** TASK DIRECTIONS **
Once you find the line with "公交车模拟器破解版无限金币下载-公交车模拟器破解版游戏下载", output it and every line after it exactly, through the last line of the listing, but no pictures.
"""
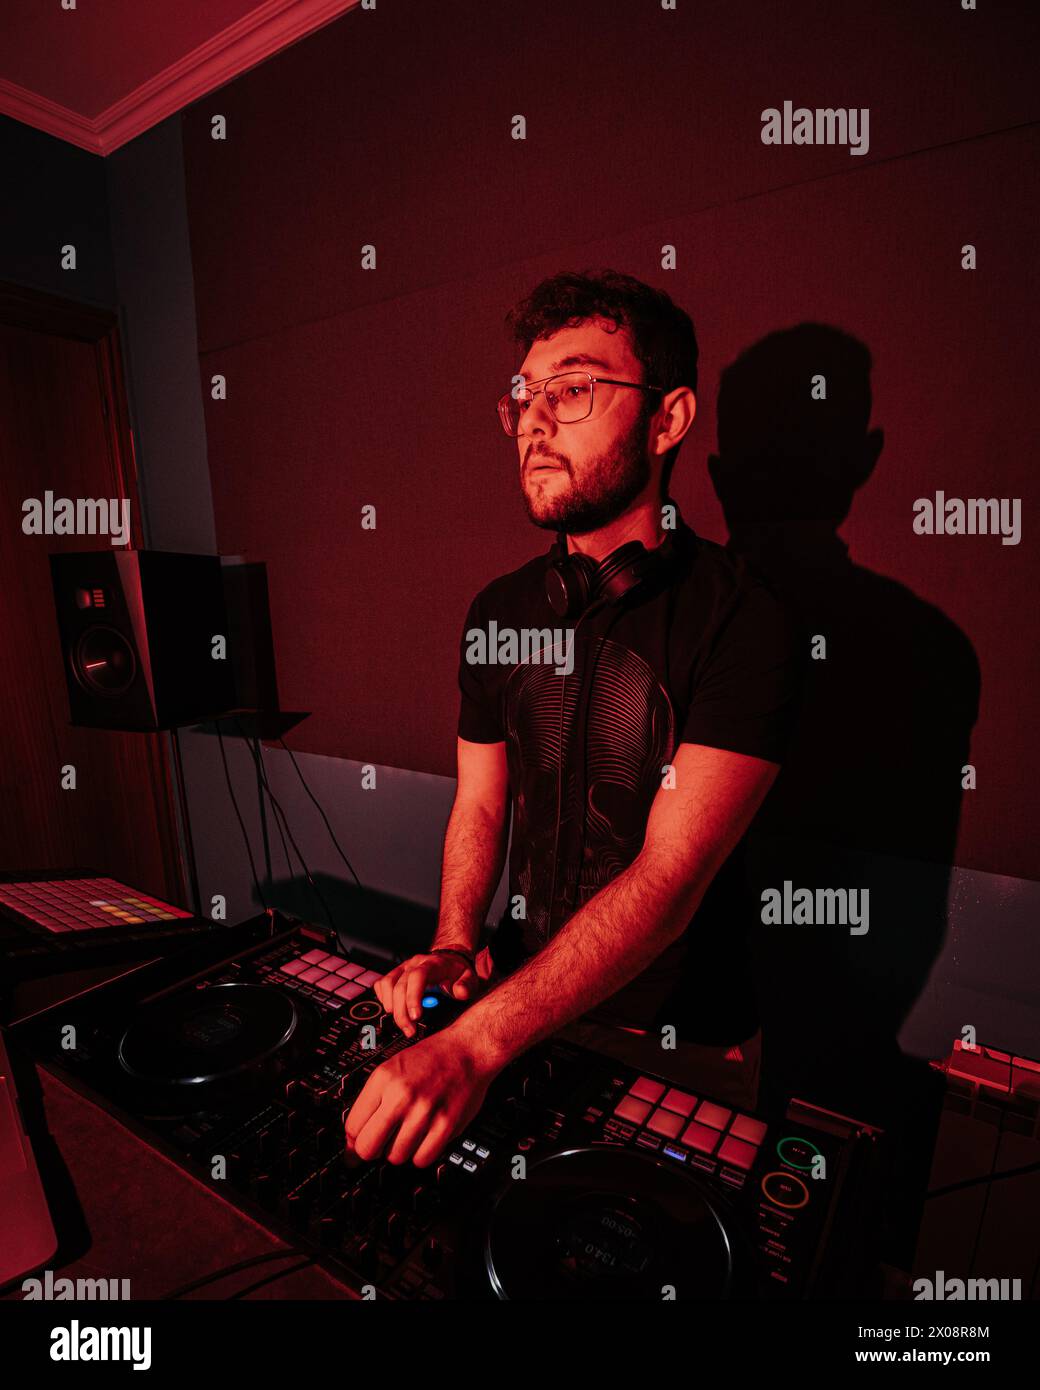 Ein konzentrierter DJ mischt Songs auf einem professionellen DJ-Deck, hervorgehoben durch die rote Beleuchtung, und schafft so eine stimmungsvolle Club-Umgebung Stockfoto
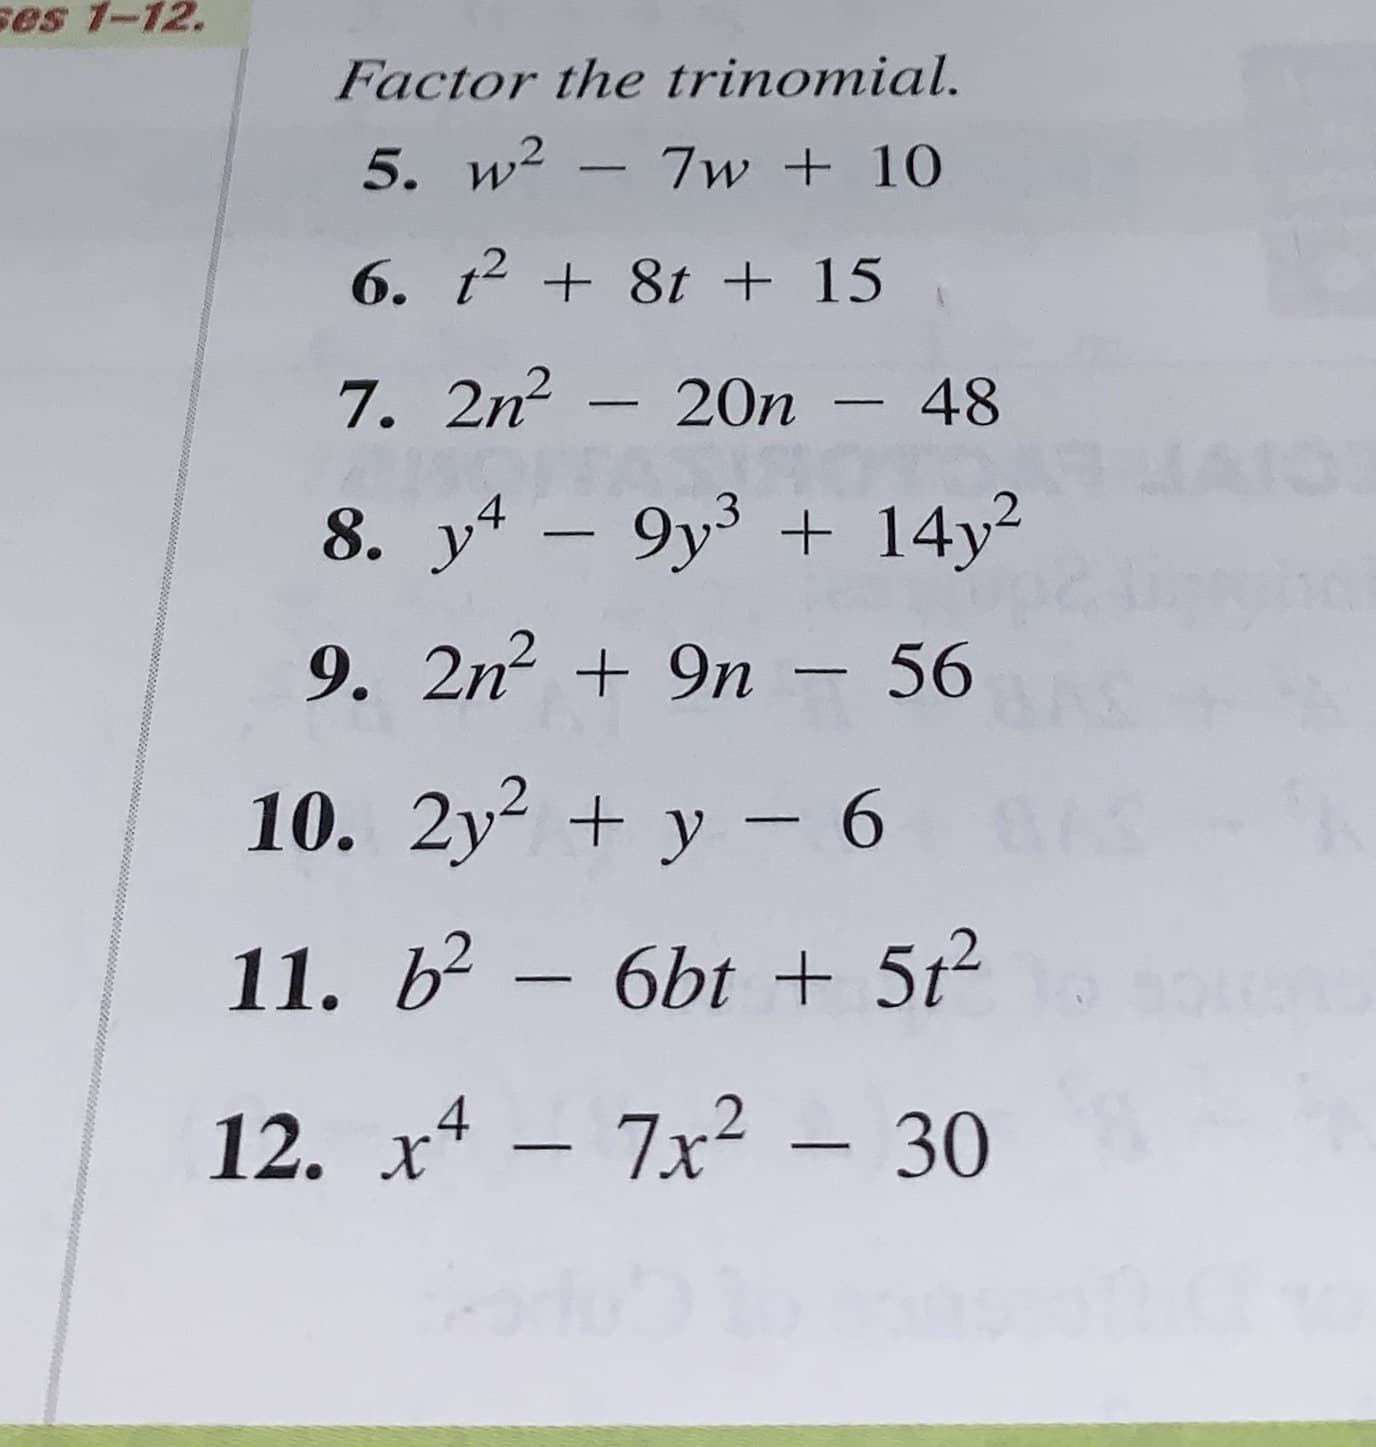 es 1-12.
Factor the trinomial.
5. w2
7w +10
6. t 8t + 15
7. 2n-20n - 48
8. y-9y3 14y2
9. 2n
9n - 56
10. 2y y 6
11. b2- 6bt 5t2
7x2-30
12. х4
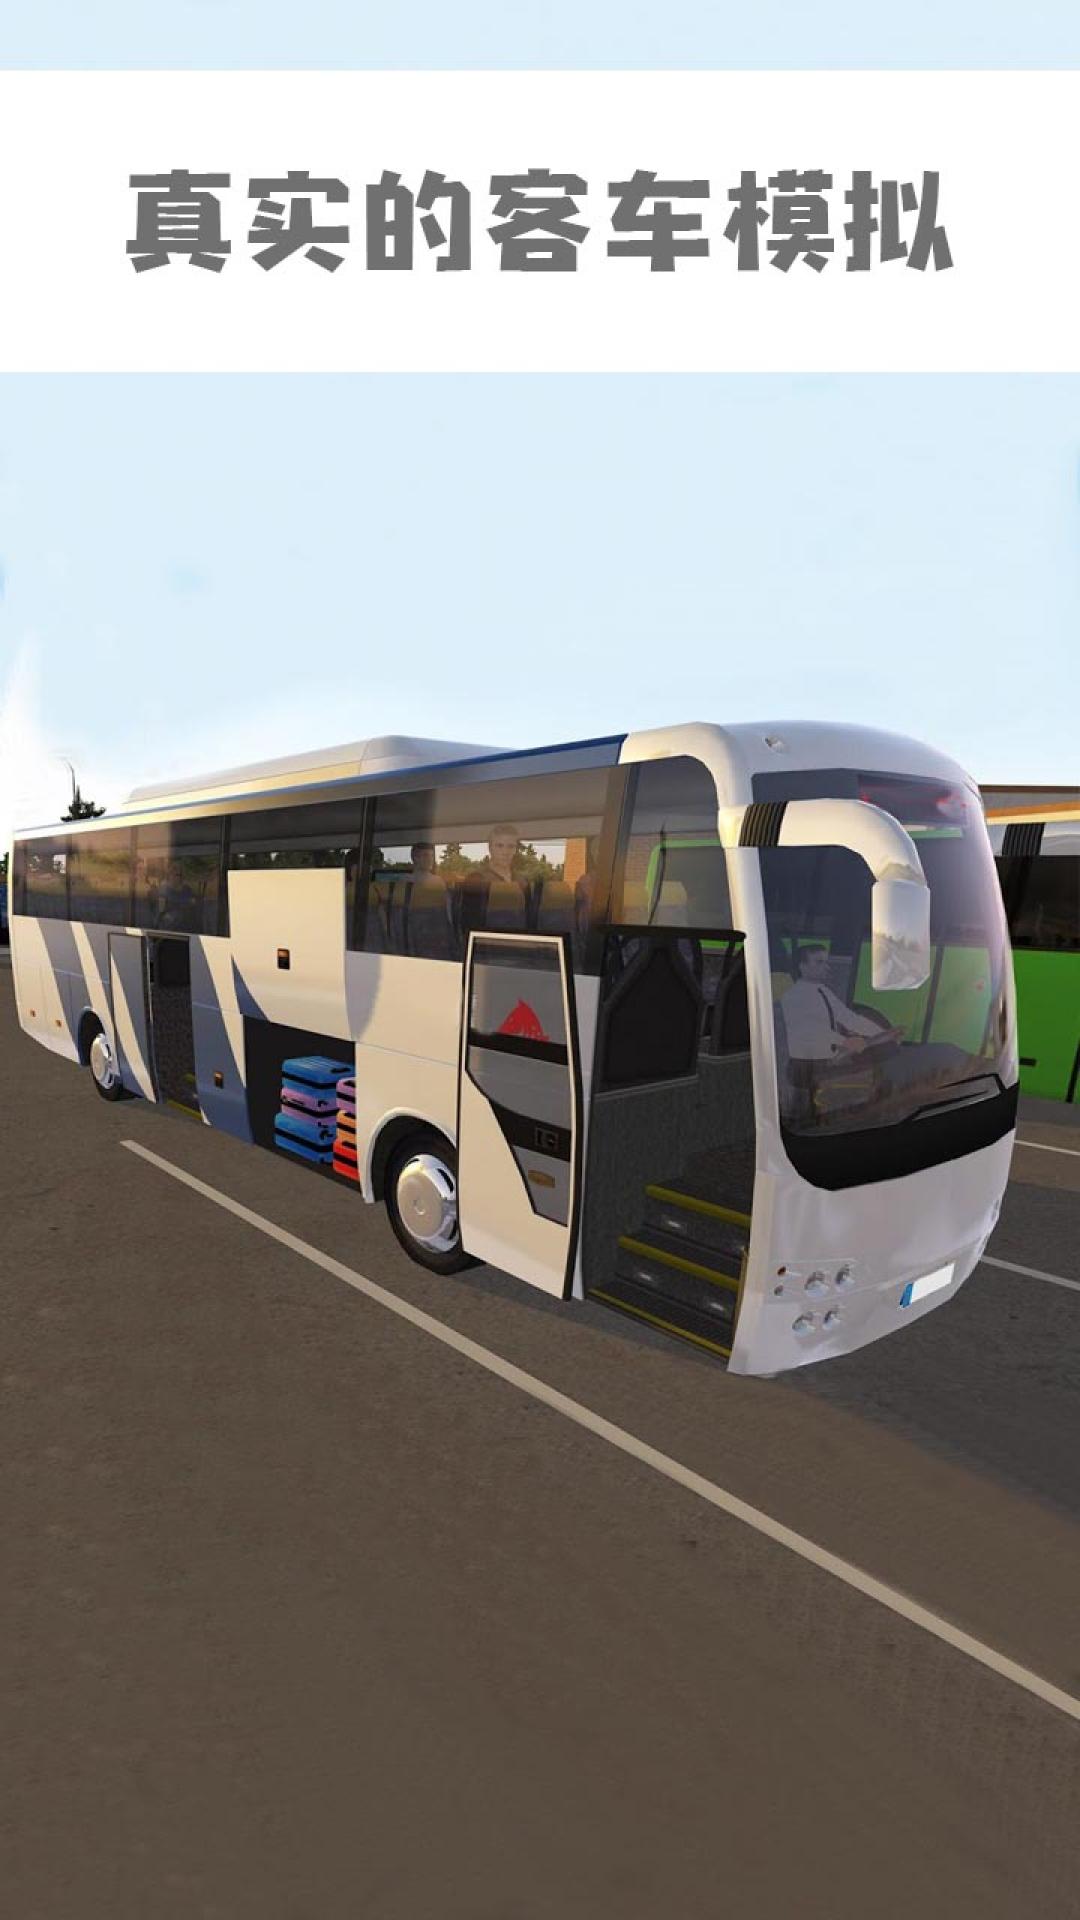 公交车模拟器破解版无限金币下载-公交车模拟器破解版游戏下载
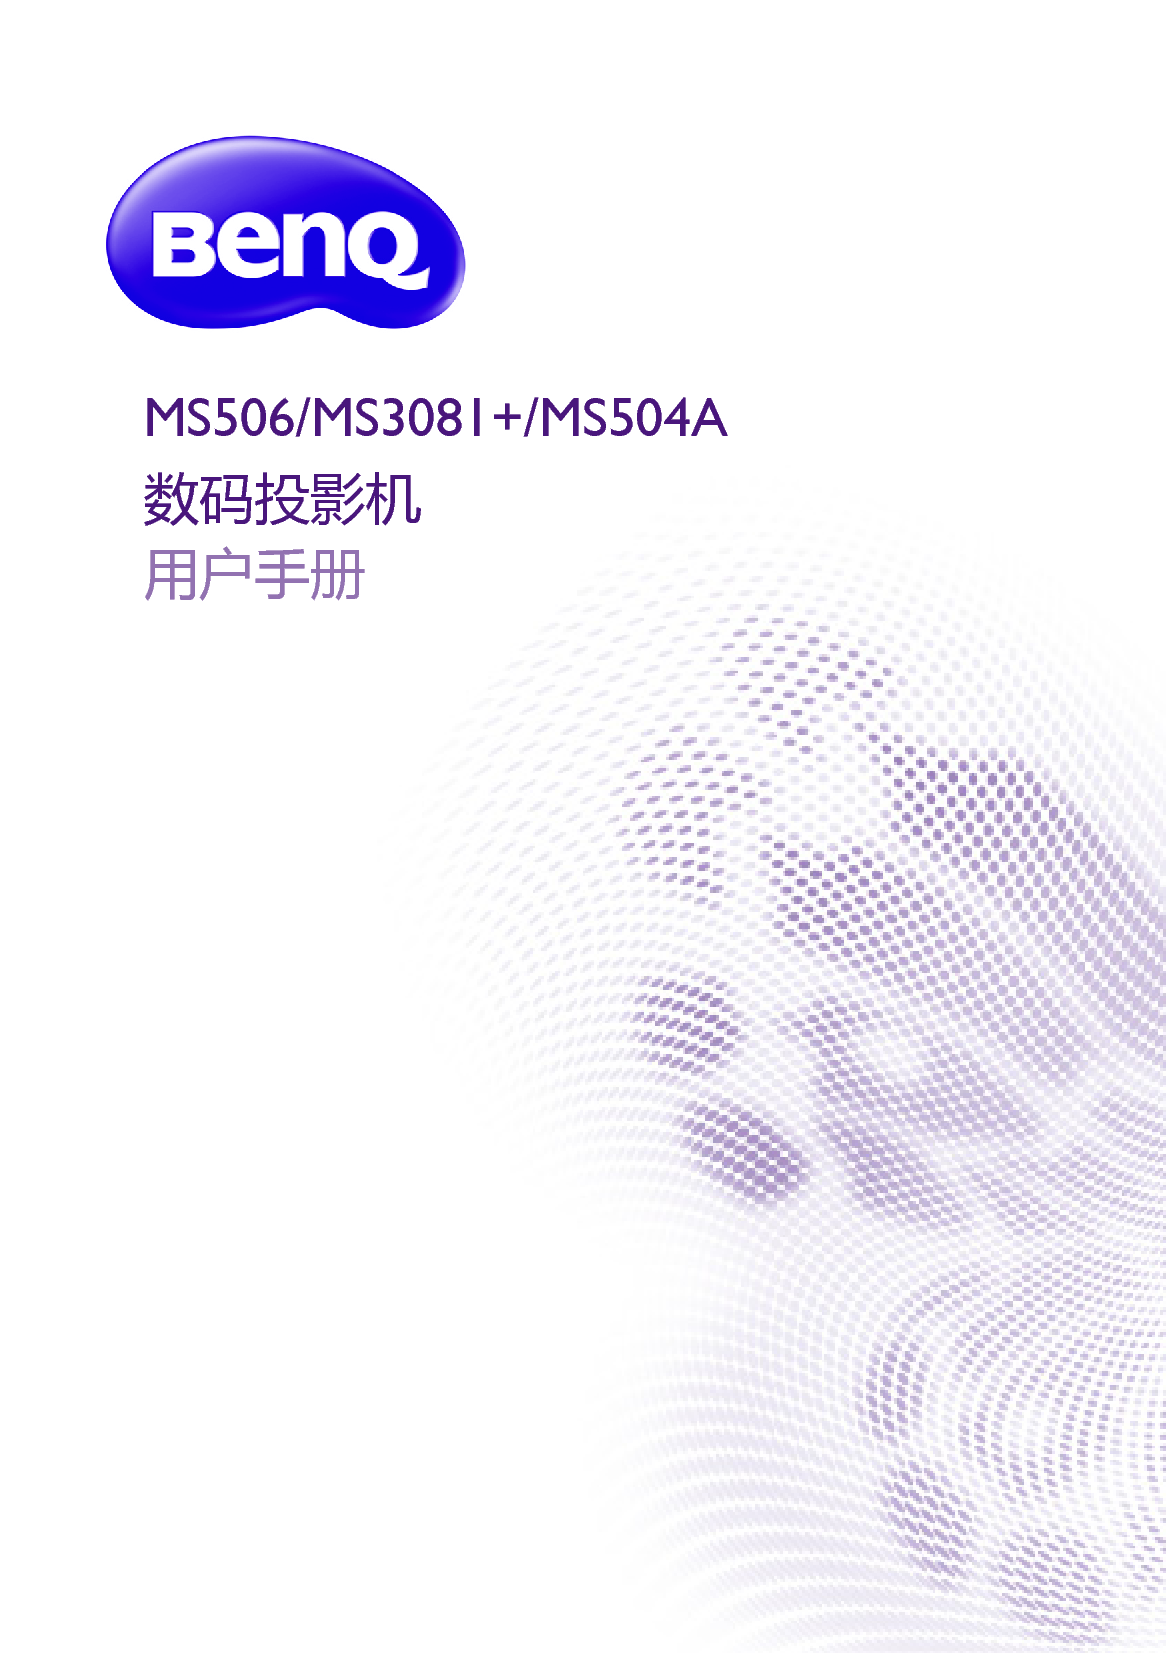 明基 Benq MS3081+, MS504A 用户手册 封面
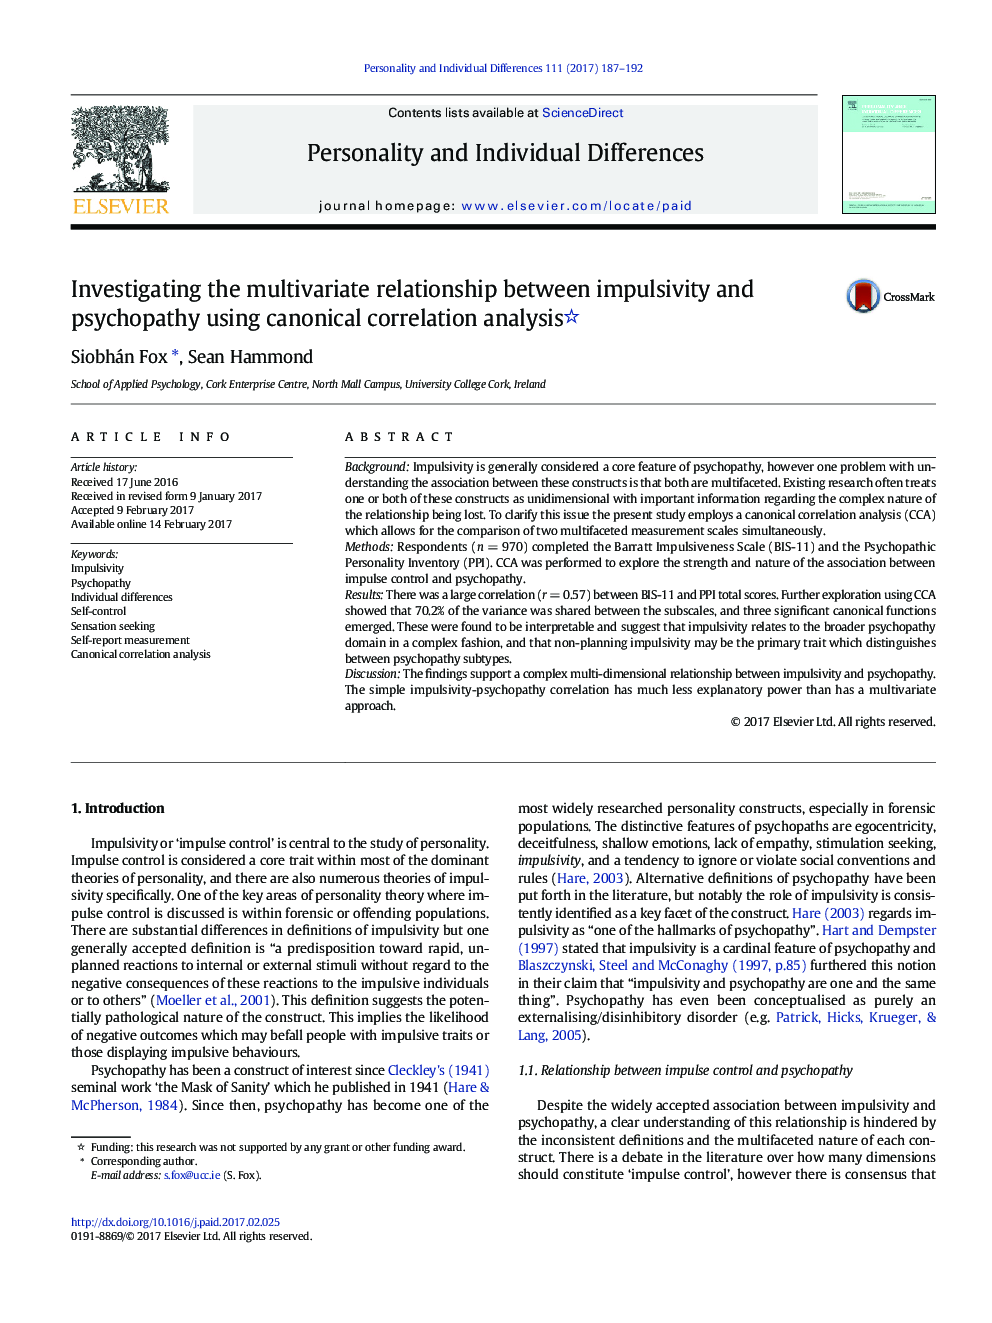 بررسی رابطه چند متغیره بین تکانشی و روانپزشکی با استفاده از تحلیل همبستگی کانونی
"""
** RESPONSE AREA **
 公交车模拟器破解版无限金币下载-公交车模拟器破解版游戏下载
 明基 Benq MS3081+, MS504A 用户手册 封面
 بررسی رابطه چند متغیره بین تکانشی و روانپزشکی با استفاده از تحلیل همبستگی کانونی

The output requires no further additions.